When I took the photo, fifteen or so years ago, I  assumed that the church dated from the turn of the nineteenth century to the twentieth, a time when the newly-formed nation-state of Bulgaria was inventing “national styles” of its own.  It was not until last winter that I returned to the church to take a closer look.  My initial assumption turned out to be far from correct.  According to a  dedicatory plaque in the vestibule of the church, the edifice was built in the 1950s on the site of a church of the same name  that had been destroyed by bombing during the Second World War.  The plaque in the present-day church, however, neglected to say why the site had been bombed or by whom.  During the 1930s and up to 1944, when it switched sides following occupation by the Soviet Union, Bulgaria had been an enthusiastic ally of Nazi Germany.  The country gave the Nazis access to its gold reserves and  an overland route through which to solidify the occupation of Greece and, with it, an opening to the Mediterranean — this in return for support of Bulgaria’s irredentist land-grabs at the expenses of Greece, Romania, and that part of Yugoslavia that is now Macedonia. For good measure, Bulgaria also glibly adopted German “racial” policies and passed and enforced a “Law for the Protection of the Nation” that was even more stringent than the Nazi’s own anti-Jewish Nuremberg Laws.

A Careless Bombardment

Poduyane, as the etymology of its name suggests, is a high, plateau-like area.  Tracks leading from Sofia’s main rail-head eastward towards Thrace and on to Istanbul beyond have, since the rise of the railroad, traced the borderline between Poduyane and Sofia proper.

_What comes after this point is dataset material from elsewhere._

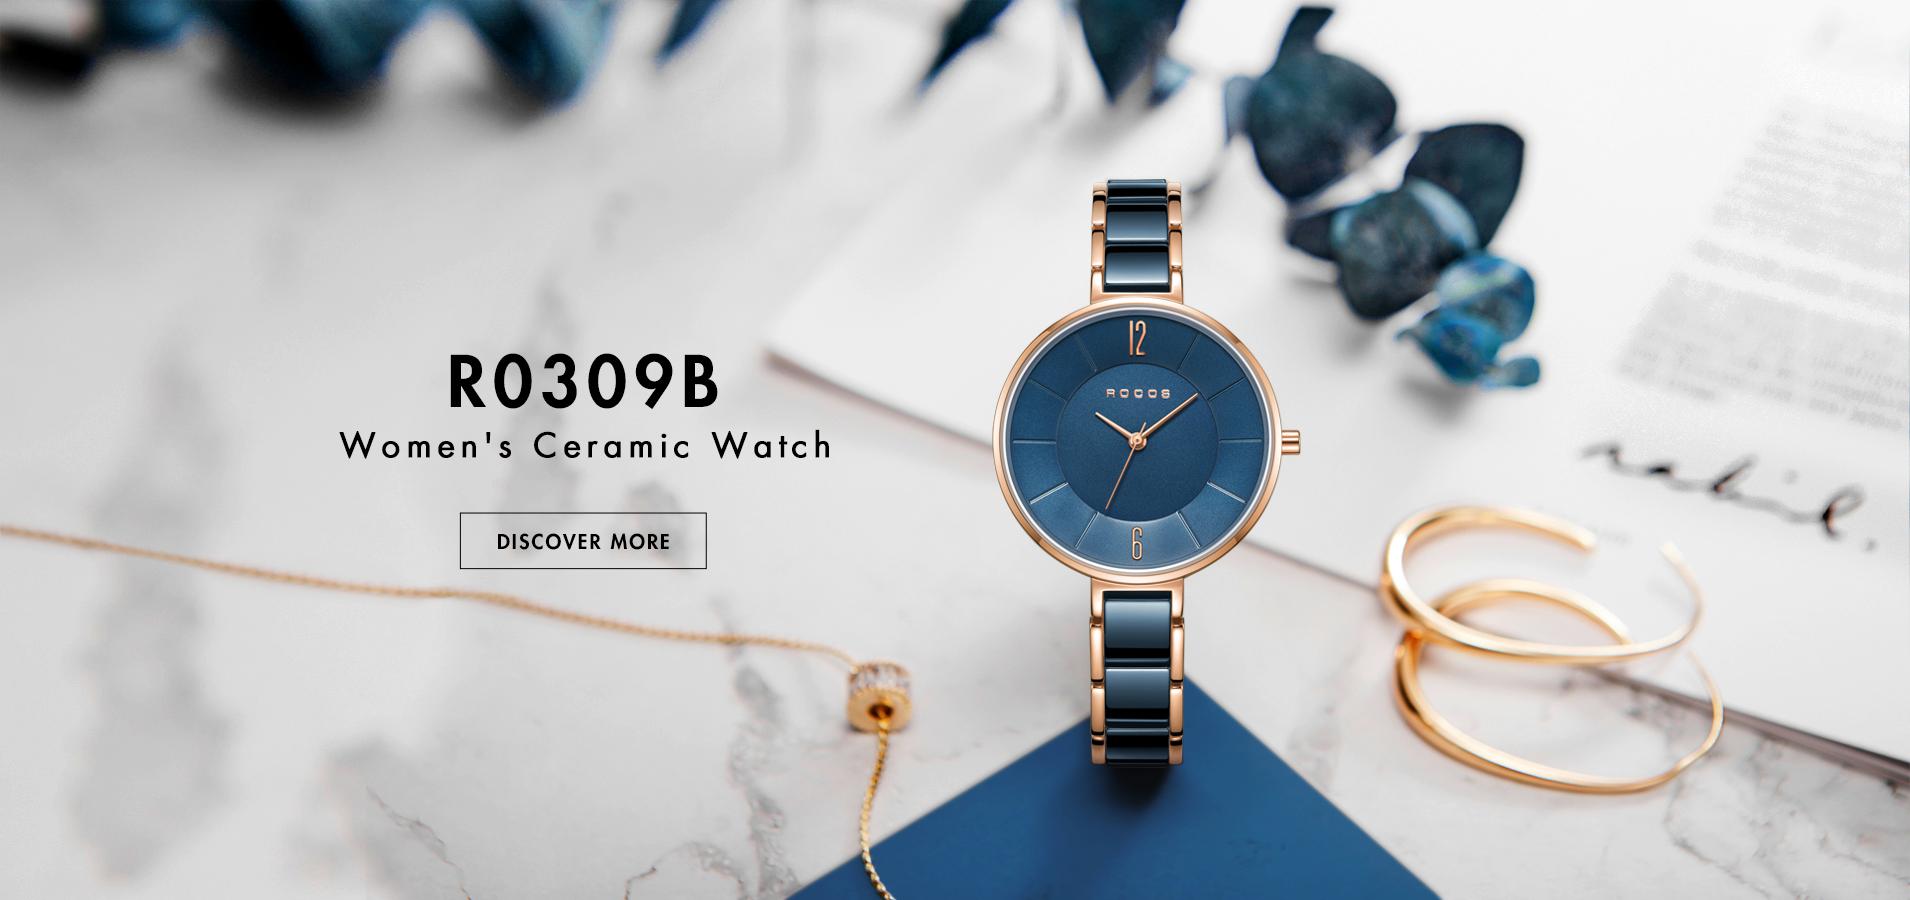 R0309B Women's Ceramic Watch

My assumption is that one or more planes tasked with destroying the rail-head released their bombs moments too soon, flattening the original Church of St. James the Martyr and its surroundings in the process.  But, as shown above, my assumptions are, as often as not, equally off-target.

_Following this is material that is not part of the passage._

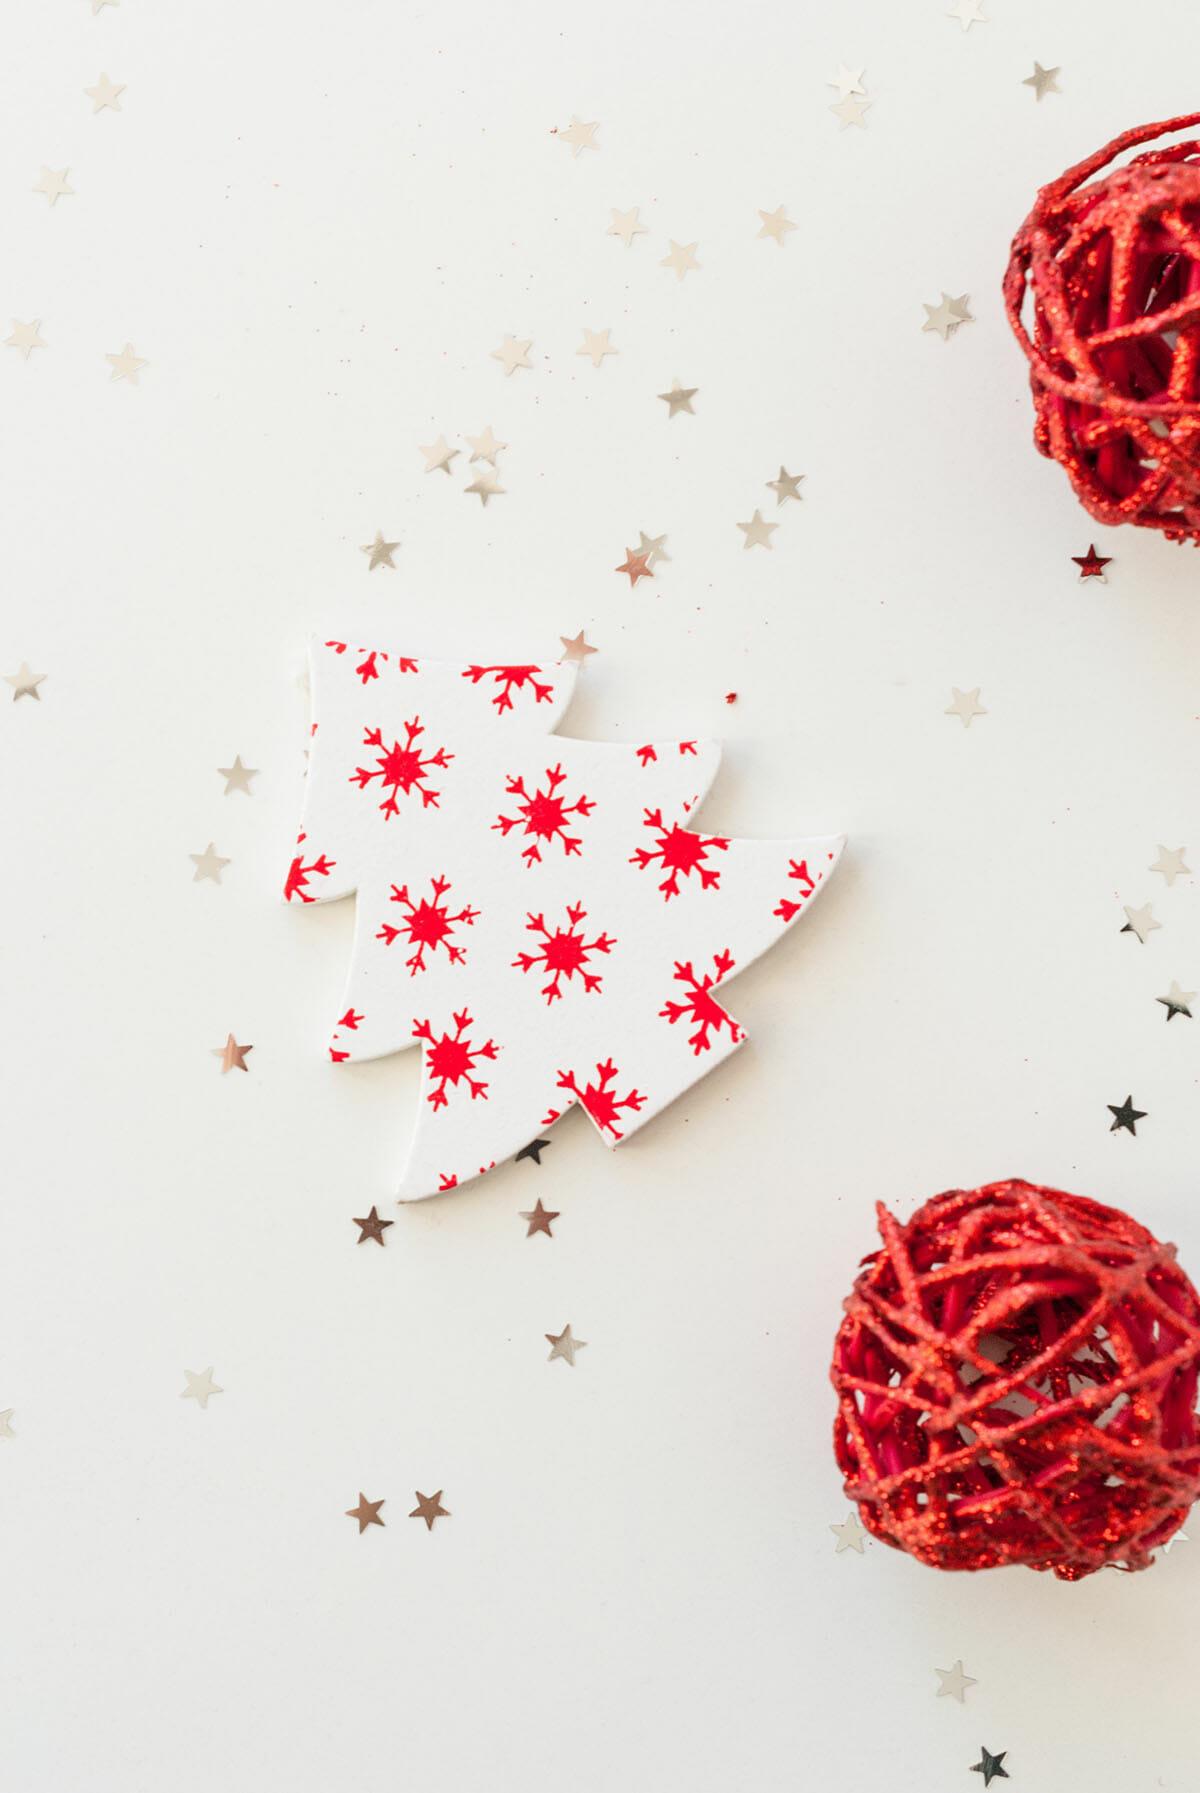 Lilie Bakery | Chocolats Façon Kinder® Schoko-bons { DIY Noël } 3

Photographic Footnote: A Once-Strong Back

Years ago, when my back was stronger and time seemed more plentiful, I regularly took to the streets with a metal tripod slung over one shoulder and a heavy bag containing field camera, lenses, and roll-film backs over the other. The photo above was taken with such a rig on a freezing mid-winter Sunday.  Technical limitations of my field camera, together with the effects of the cold on my un-gloved fingertips, led me to adjust the camera less rigorously than I might have done otherwise … thus the oval-shaped “yaw” distortion deforming the crow’s nest atop the church’s bell-tower.